Determinare quanto guadagna un professore di liceo, inoltre, non è esattamente agile, in quanto la forbice di retribuzioni può variare, come vedremo tra pochissimo, all’interno di una forbice piuttosto ampia.

Quando guadagnano gli insegnanti delle scuole superiori in Italia? Lo vedremo tra pochissimo.

La forbice di retribuzione massima e minima

Un insegnante di scuola media superiore in Italia, categoria all’interno della quale ricadono ovviamente anche gli insegnanti di liceo, che non sono separati giuslavoristicamente dagli insegnanti degli istituti tecnici e professionali.

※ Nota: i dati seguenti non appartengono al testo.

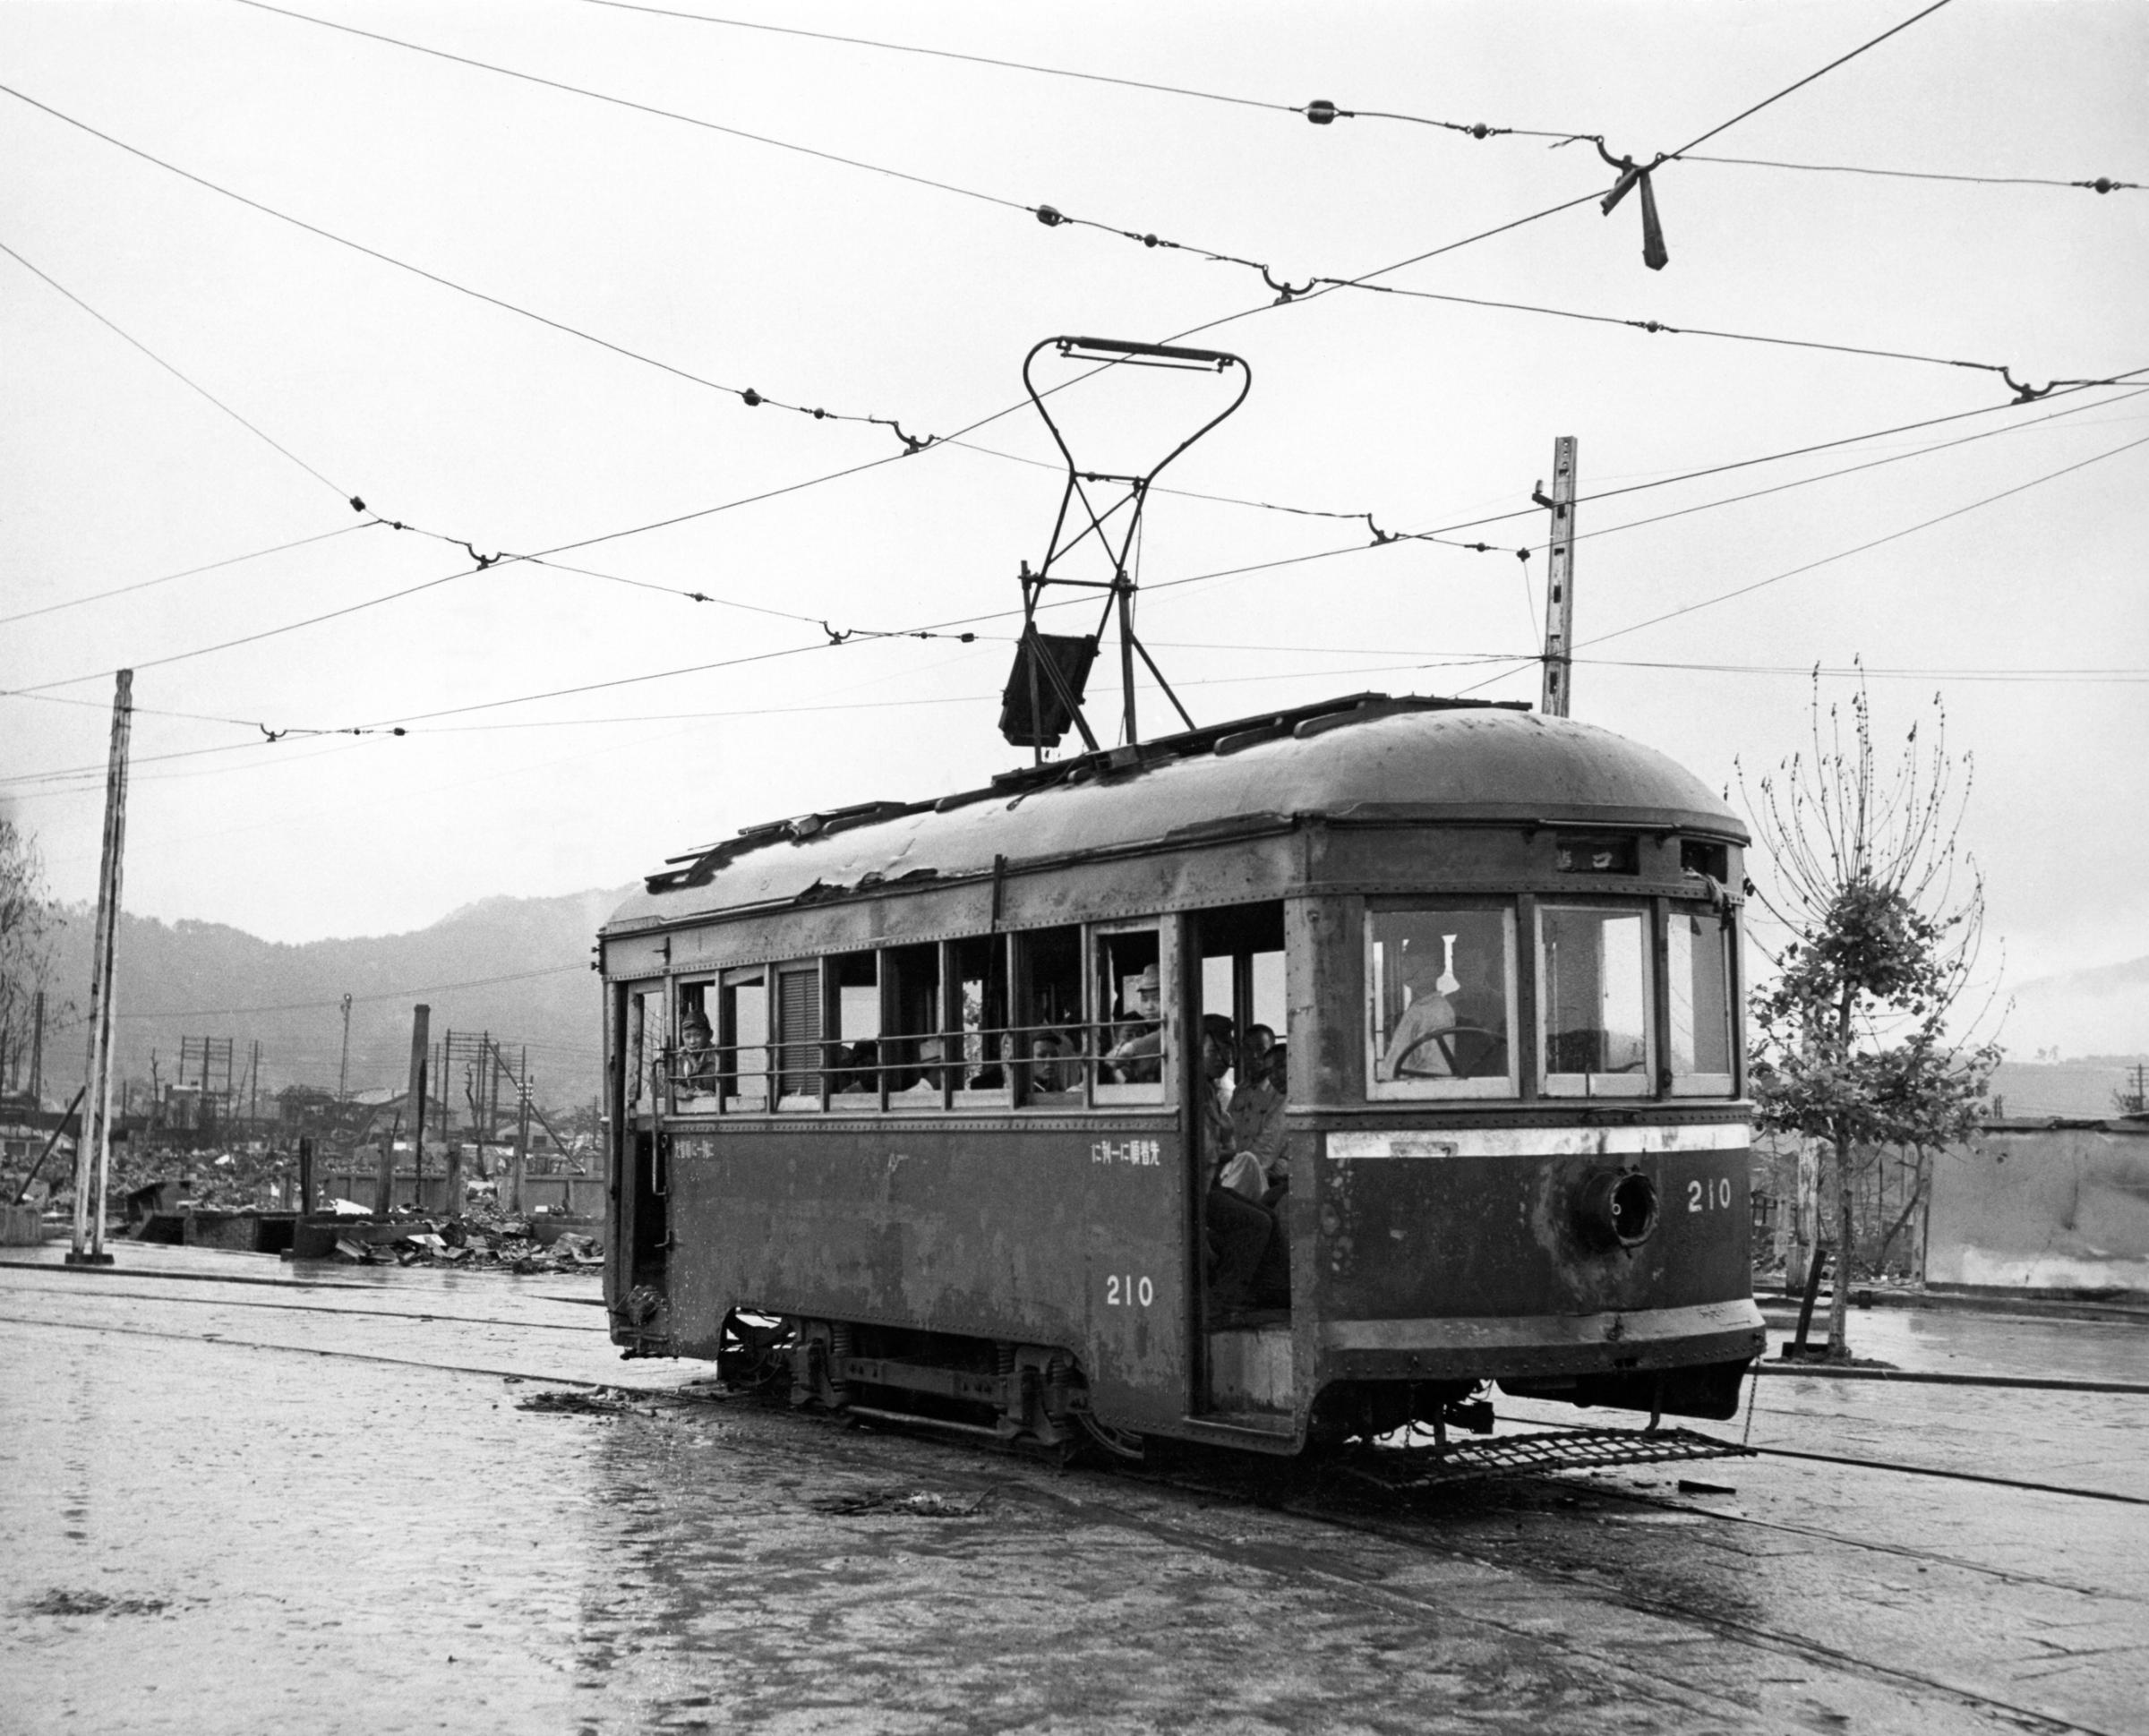 A passenger-filled streetcar, Hiroshima, Japan, September 1945.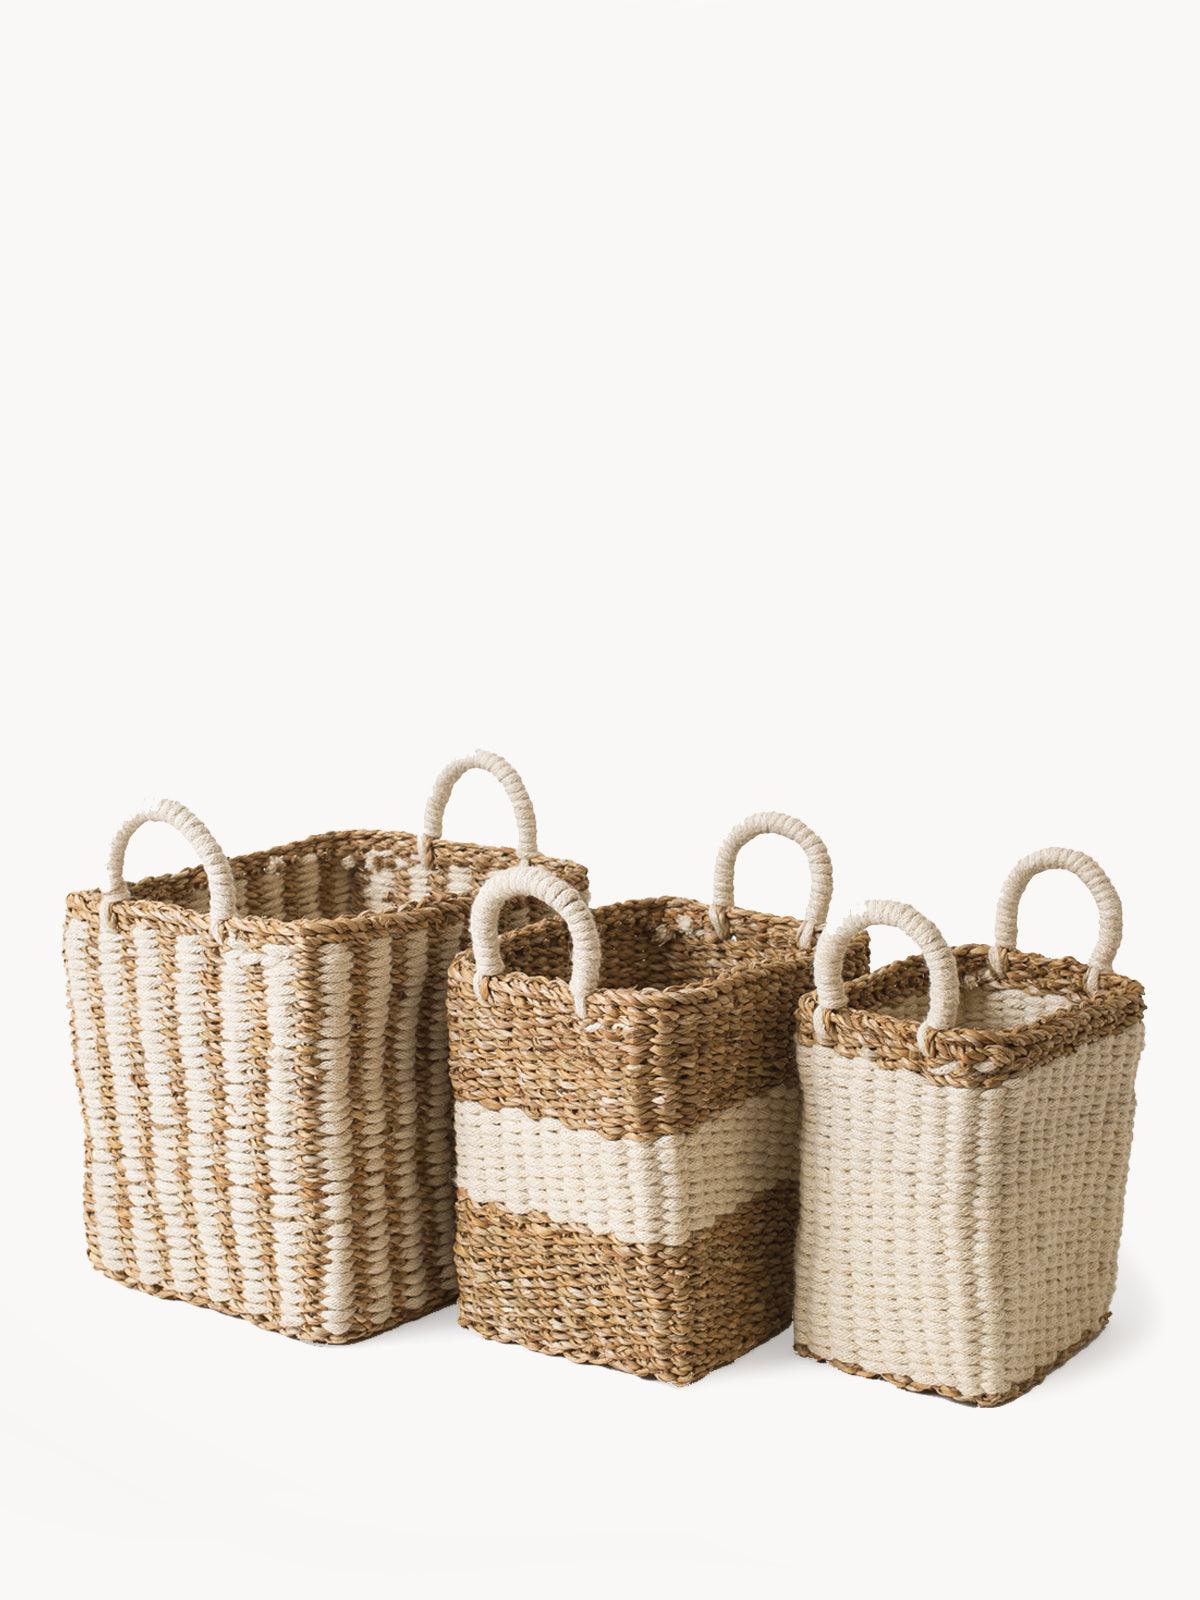 Ula Storage Basket - Plant Paradise Boutique

La soglia minima dello stipendio, che è da considerarsi su base lorda, è di 24.846 euro, che corrisponde grosso modo a quanto percepiscono gli insegnanti una volta che sono stati immessi a ruolo. Alla fine della carriera, con gli scatti di anzianità e con le altre contribuzioni, si può arrivare in Italia ad un massimo di 39 mila euro annui.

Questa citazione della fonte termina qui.